Friday, August 18, 2006

Tangible Proof That Bill Simmons Is A Loser

I've been eagerly awaiting an excuse-filled column from Bill Simmons explaining why he busted out two hours into the World Series of Poker and, today, he didn't disappoint.

According to Simmons, he was eliminated on a bad beat after playing a hand "perfectly". It took this incident to convince Simmons, a man who claims he knows all, that poker is a game of luck. To which I say, "No shit, high-voiced Sherlock."
After sending the link to Simmons' column to The Wolfman, he wrote back, "That article made me sick. I don't even want to talk about it. He's such a little bitch."
I had the same thoughts upon reading it, but I have to talk about.
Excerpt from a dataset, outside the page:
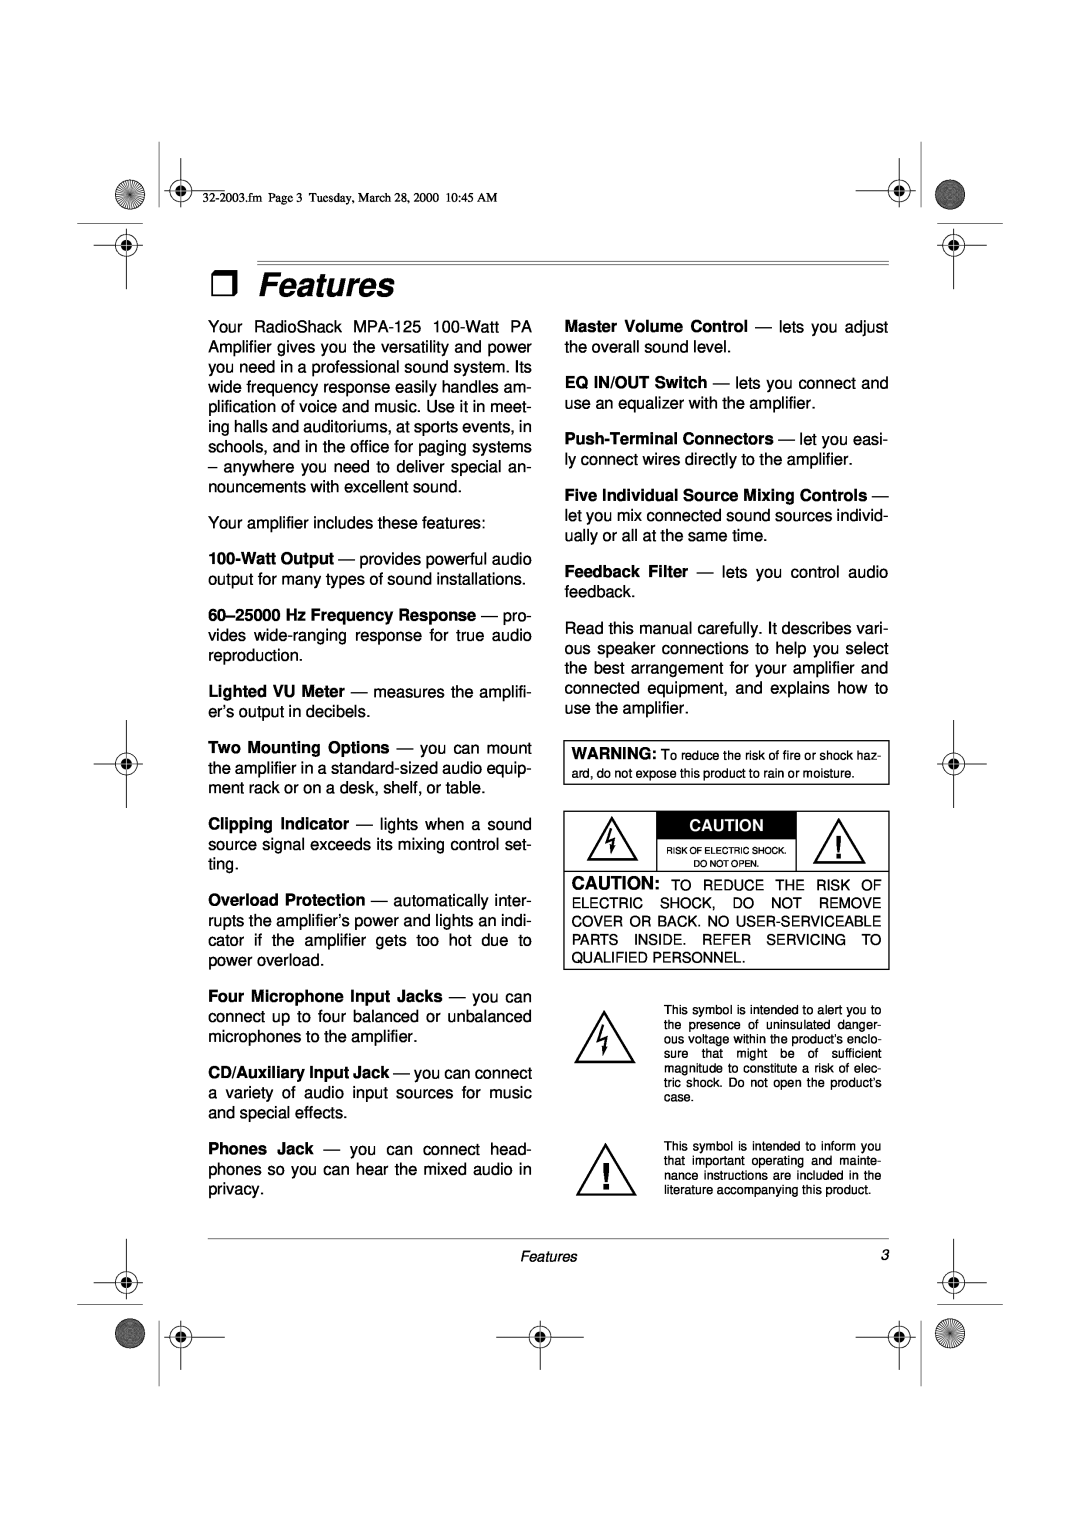 Radio Shack MPA-125 owner manual ˆFeatures 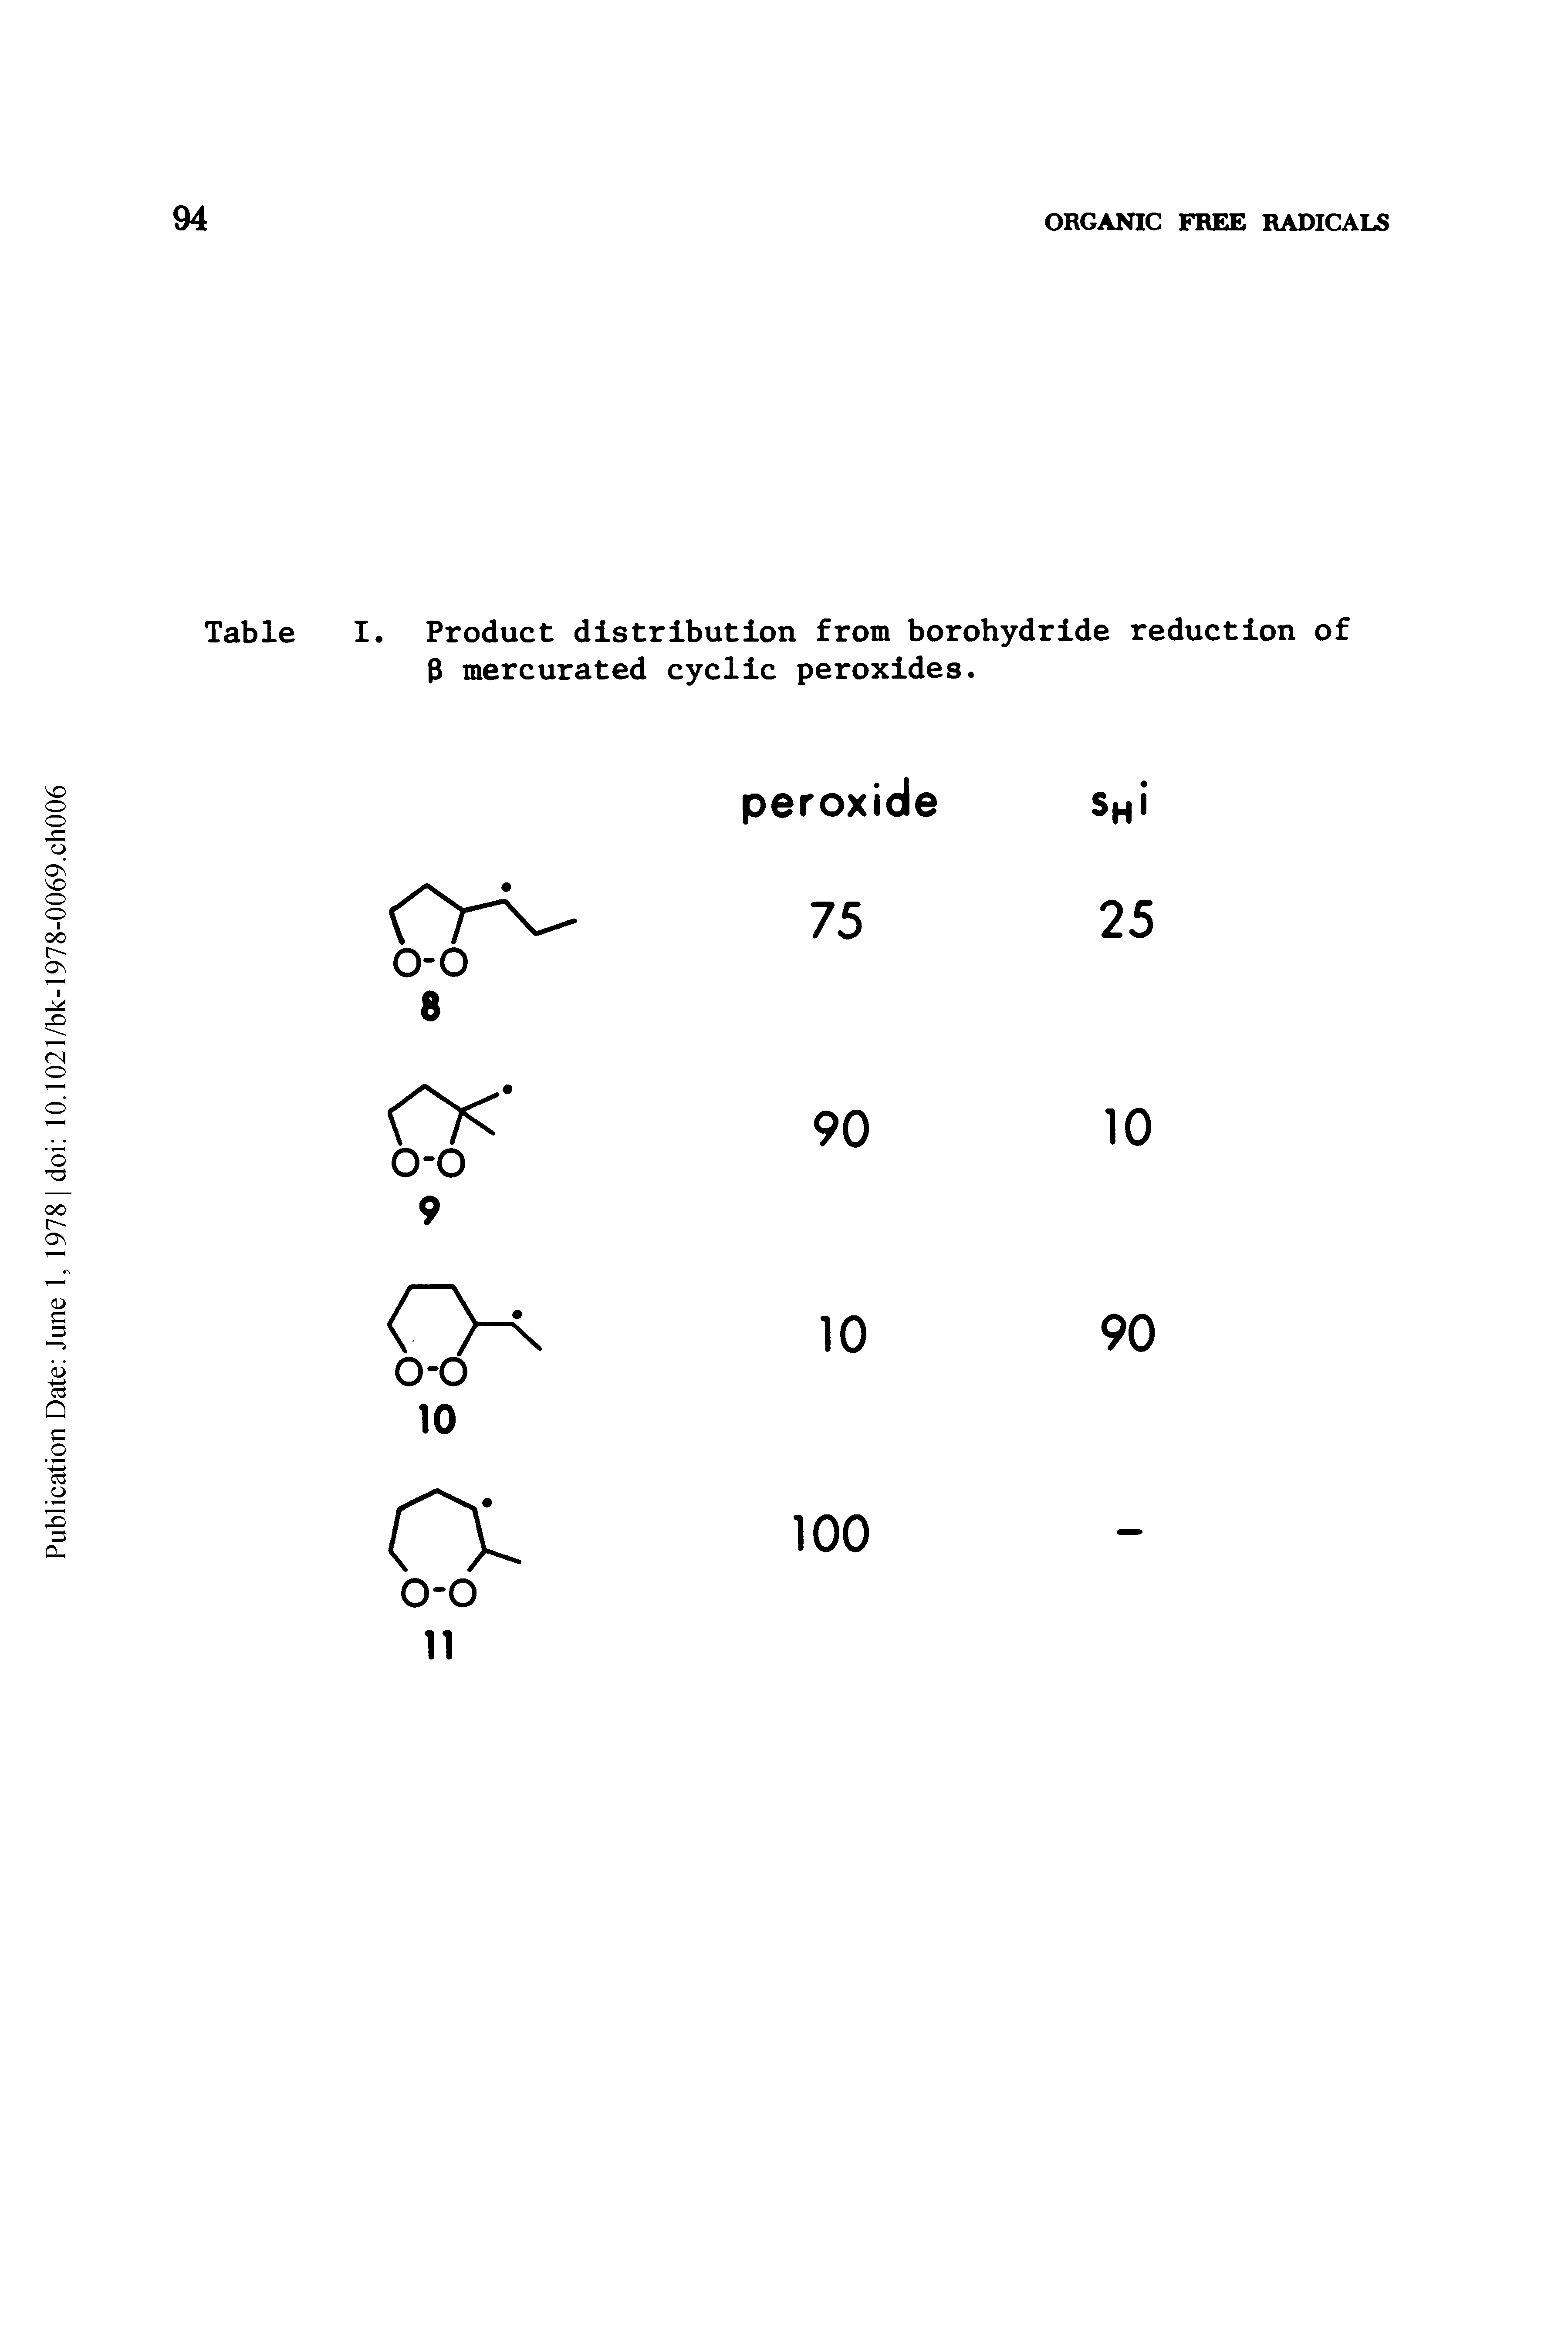 Table I. Product distribution from borohydride reduction of 3 mercurated cyclic peroxides.

It would be a disservice to you, the procrastinating-from-work reader, not to. So, here goes.
Instead of writing a diatribe against the idiots who think playing poker takes skills beyond simple mathematical ability, I'm going to paste excerpts from Simmons' column and proceed to talk about why he's such an idiot.

I believed Mike McD for eight years. "People insist on calling it luck," he kept saying sarcastically. Sure. We all knew better.
If poker was about luck, as Mike says, the same guys wouldn't be sitting at the final table of the World Series every year, right?
The opener to Bill's whine-fest. The reason I hated the movie Rounders (in addition to the absurd final scene) was that line from Mike McD.
Poker is a card game. Card games are 80% luck. Sure, you have to decide what to bet, how to bet, when to bet and who to bet, but, in the end, nobody has any control over what cards come up. It's a game of chance. That's why it's called gambling.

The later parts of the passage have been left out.